# 4.2.2



## ericstntonn (Aug 21, 2012)

Anyone running 4.2.2 see any better battery life?

Sent from my Galaxy Nexus using Tapatalk 2


----------



## Hendrix17 (Feb 9, 2013)

Yeah surprisingly even on my Verizon Gnex..without under-volting or doing much with the kernel


----------



## ericstntonn (Aug 21, 2012)

Damn now I really wanna flash and try haha so you saw a considerable difference?

Sent from my Galaxy Nexus using Tapatalk 2


----------



## psu_tb (Aug 18, 2011)

I'm 13 hours in on battery with 1 hour 45 minutes if screen time and I have 29% left on my VZW GNex. I never got this life on 4.2.1. 
Sent from my Galaxy Nexus using Tapatalk 2


----------



## ericstntonn (Aug 21, 2012)

Yeah I havent gotten anywhere near that, that sounds like Paradise. Flaaaashhh time

Sent from my Galaxy Nexus using Tapatalk 2


----------



## rkpeterson (Jun 12, 2011)

I really haven't noticed much difference but the kernel I'm on has been pretty good already


----------



## amm5890 (Jun 23, 2011)

definitely. at 11% right now. 10h on battery with 2.5 hours screen on time.


----------



## rman18 (Jan 13, 2012)

I had 2 hours of screentime last night, 6 hours on battery (I was bored) and still had 40% left - on wifi... Thats the best I've ever had (no drake).


----------



## OutofStep13 (Jan 3, 2012)

Which 4.2.2 ROM are you all running?


----------



## amm5890 (Jun 23, 2011)

shiny


----------



## Schoat333 (Jun 14, 2011)

The 2-15 cm10.1 nightly is 4.2.2 for toro.


----------



## rkpeterson (Jun 12, 2011)

Project Elite v10 JB 4.2.2 for Toro.
actngrezy and buckmarble have outdone themselves. Super smooth, stable and great battery life.


----------



## HerbieVersmelz (Oct 31, 2012)

rkpeterson said:


> Project Elite v10 JB 4.2.2 for Toro.
> actngrezy and buckmarble have outdone themselves. Super smooth, stable and great battery life.

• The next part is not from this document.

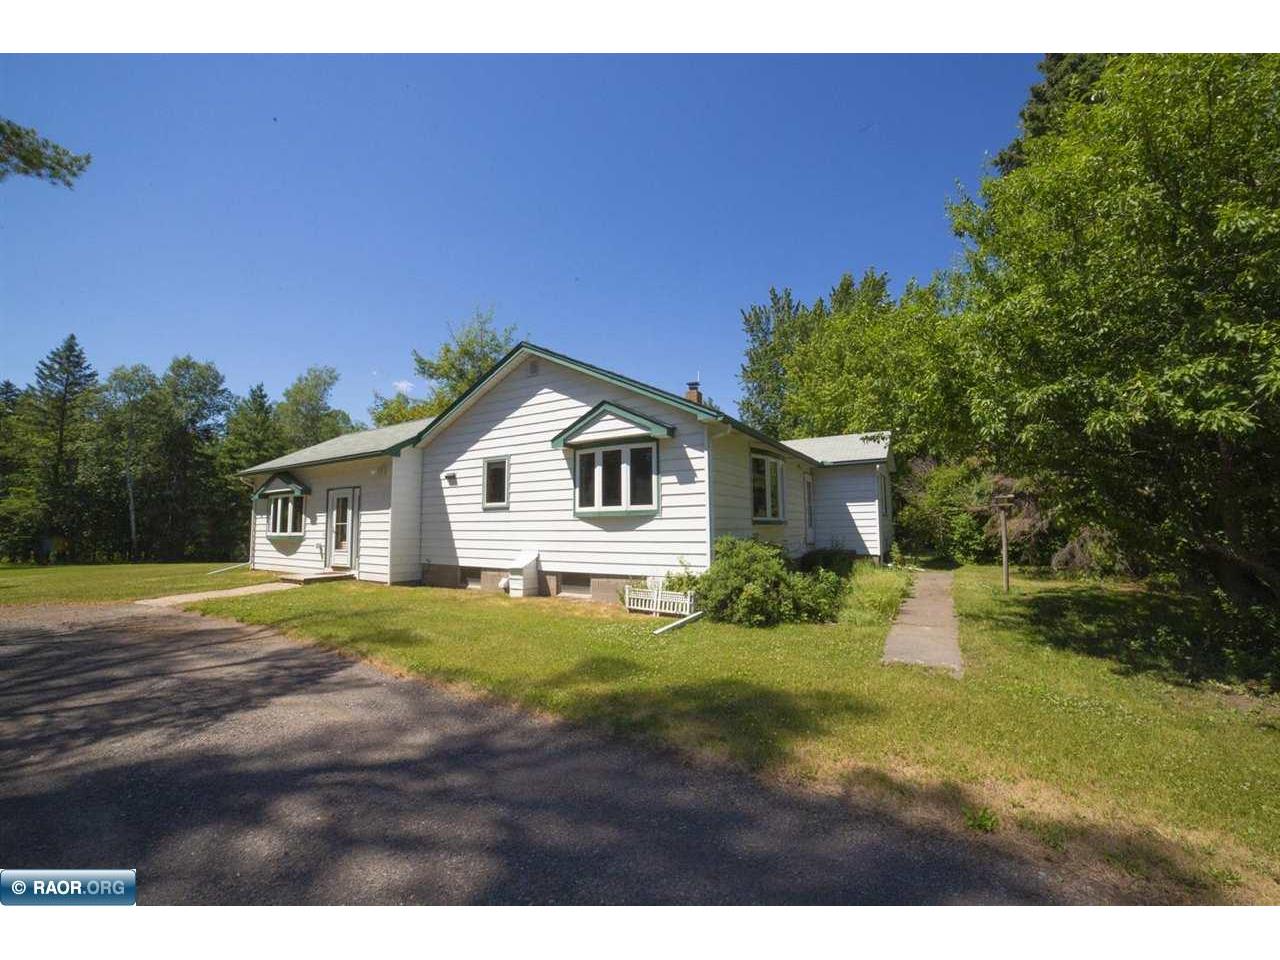 7255 Hwy 5 Floodwood MN 55736 - Whiteface 141786 image1

agreed man. Best ive used so far. They always do great work though. Used to use PE on my D1. Matter of fact i think i retired that phone with some PE gingerbread on it lol.

Sent from my Galaxy Nexus using Tapatalk 2


----------



## DR3W5K1 (Feb 19, 2012)

rkpeterson said:


> Project Elite v10 JB 4.2.2 for Toro.
> actngrezy and buckmarble have outdone themselves. Super smooth, stable and great battery life.


+1
I'm on that bitch it's nice.


----------



## ericstntonn (Aug 21, 2012)

Link??

Sent from my Galaxy Nexus using Tapatalk 2


----------



## Lchupacabras (Sep 23, 2011)

ericstntonn said:


> Link??
> 
> Sent from my Galaxy Nexus using Tapatalk 2


http://www.projectelite.net/actngrezy/jb-mr1/toro/elite-ota-buck_kernel/ < There ya go; took me some effort to find it.


----------



## psu_tb (Aug 18, 2011)

I use shiny, it is the rom that Google would have released if the actually supported the VZW GNex.

Sent from my Galaxy Nexus using Tapatalk 2


----------



## ericstntonn (Aug 21, 2012)

Is there an official thread or anything?

Sent from my Galaxy Nexus using Tapatalk 2

Thank you for the link man 

Sent from my Galaxy Nexus using Tapatalk 2


----------



## rkpeterson (Jun 12, 2011)

Here is link to the rom forum.
http://www.droidforums.net/forum/project-elite-nexus/189488-welcome-project-elite-gnex-section.html


----------



## ericstntonn (Aug 21, 2012)

Thanks man!

Sent from my Galaxy Nexus using Tapatalk 2


----------



## AuroEdge (Aug 2, 2011)

psu_tb said:


> I use shiny, it is the rom that Google would have released if the actually supported the VZW GNex.
> 
> Sent from my Galaxy Nexus using Tapatalk 2


The relationships between Google, Verizon Wireless, and the radio manufacturers is very interesting as far as the lack of Toro updates. That is to say, Google is not faultless and VZW is not totally to blame. We should be thankful that behind the scenes Google is helping to support custom ROM development on the Verizon Nexus variant.

If you want a good laugh hop on over to Verizon's Galaxy Nexus forum and see all the people in conniption over 4.2.2 (yes I am a fellow owner)


----------



## HerbieVersmelz (Oct 31, 2012)

AuroEdge said:


> The relationships between Google, Verizon Wireless, and the radio manufacturers is very interesting as far as the lack of Toro updates. That is to say, Google is not faultless and VZW is not totally to blame. We should be thankful that behind the scenes Google is helping to support custom ROM development on the Verizon Nexus variant.
> 
> If you want a good laugh hop on over to Verizon's Galaxy Nexus forum and see all the people in conniption over 4.2.2 (yes I am a fellow owner)


very well said and right on the money.

Sent from my Galaxy Nexus using Tapatalk 2


----------



## romboy (May 29, 2012)

rkpeterson said:


> Project Elite v10 JB 4.2.2 for Toro.
> actngrezy and buckmarble have outdone themselves. Super smooth, stable and great battery life.


+1 love it


----------